FIVE — STORIES TO KEEP YOU INFORMED

Wednesday, July 1

  • The real-work benchmark just moved 6× — and the "dangerous" model leads it. Fable 5 tops CAIS's Remote Labor Index at 16.1%, up from 2.5% at launch. Graded on client acceptance, not benchmark points. (Full analysis above.)

  • Karp asks the question the labs can't answer. "Why are they charging for tokens if it's so valuable?" He's selling the alternative, and he's still right. (Full analysis above.)

  • Meta will sell the compute it swears it doesn't have enough of. Meta Compute plans a Bedrock-style cloud; the stock jumped 9.3% — best day since April — while CoreWeave fell 14%. The market just paid Zuck for admitting the models aren't the business. The rent is. Together AI raised $800M at $8.3B the same day.

  • Someone poisoned the agent app store. Attackers slipped malicious skills into OpenClaw's ClawHub marketplace — markdown files that inherit every permission your agent already has, per Palo Alto's Unit 42. A skill is code that happens to be written in English. Review it like a dependency, because that's what it is.

  • Fable 5 came home wearing an ankle monitor. Back globally after eighteen days, with a government-tested cyber classifier that false-positives routine dev work down to Opus 4.8. You order the Ferrari; if the request smells wrong, the valet brings the Civic. The first regulator-negotiated routing rule inside a frontier model.

MARK TO MARKET

Where the cycle caught up to us this week.
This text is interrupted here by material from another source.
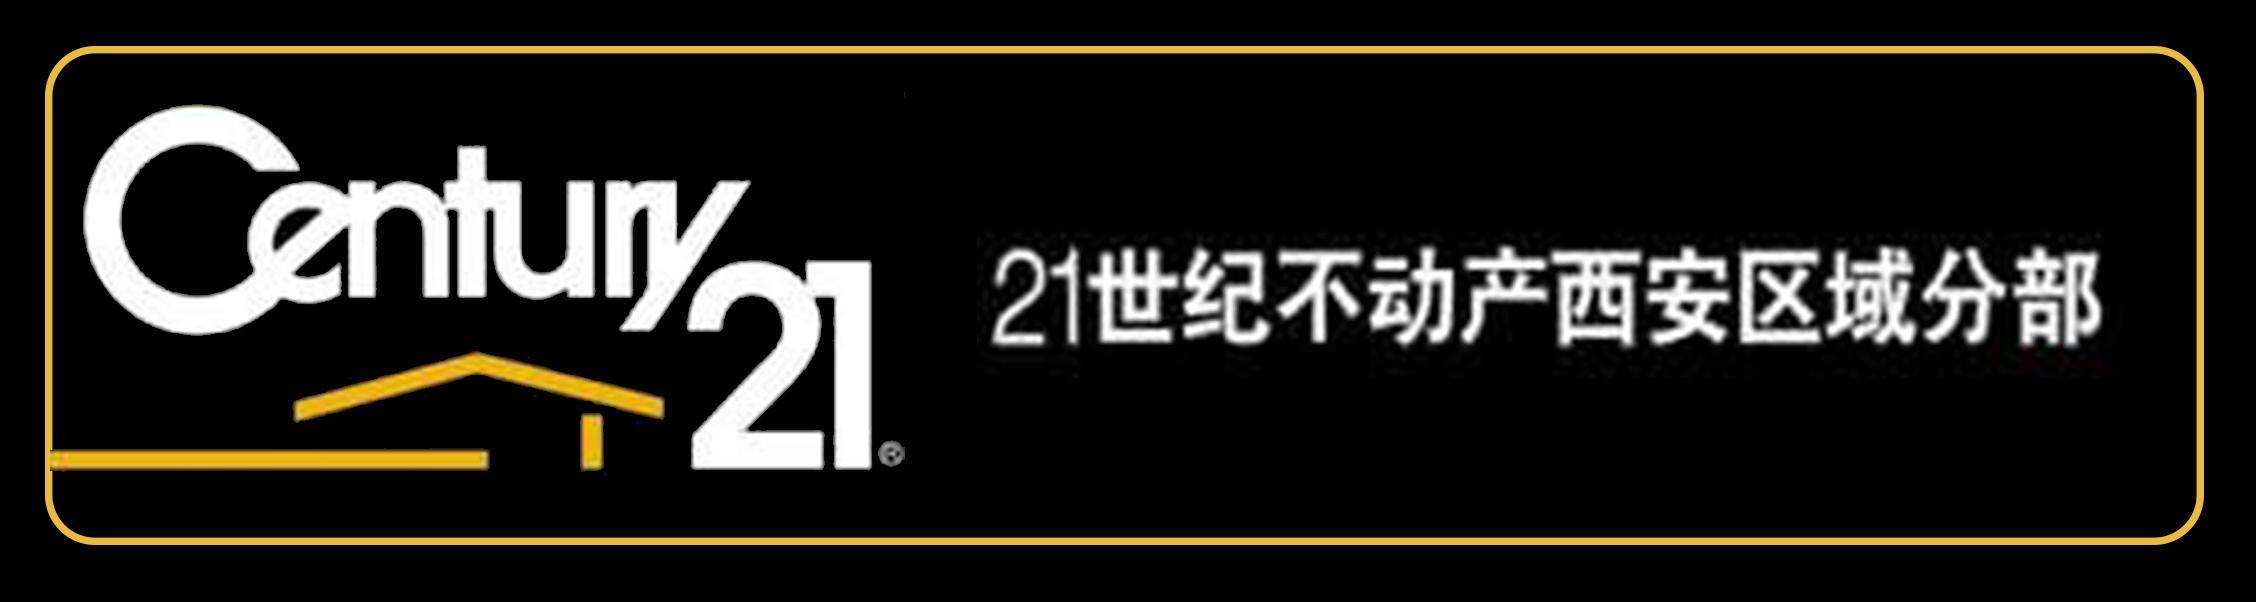 21世纪不动产-山水秦唐南门店

  • Pick your models last. The routing table is the asset; the model is a rental (us, Jun 23) → "Design your system around routing, not around models. Pick your models last" (Tomasz Tunguz, Most AI Work Can Wait, Jul 1). One caveat, gladly stamped: Tunguz is one of the best sources in this business and a steady well for our own thinking — this receipt reads less like a scalp and more like the smartest guy at the table pulling up a chair on our side.

  • The model is not the moat. The lever is free; value lives in what you own around it (us, Jun 16) → two dozen investors at 500 Global's VC Unlocked converged "on exactly one thing": the model is no longer a moat; "code is disposable" (500 Global, Jul 1).

The tape doesn't lie. We just read it early.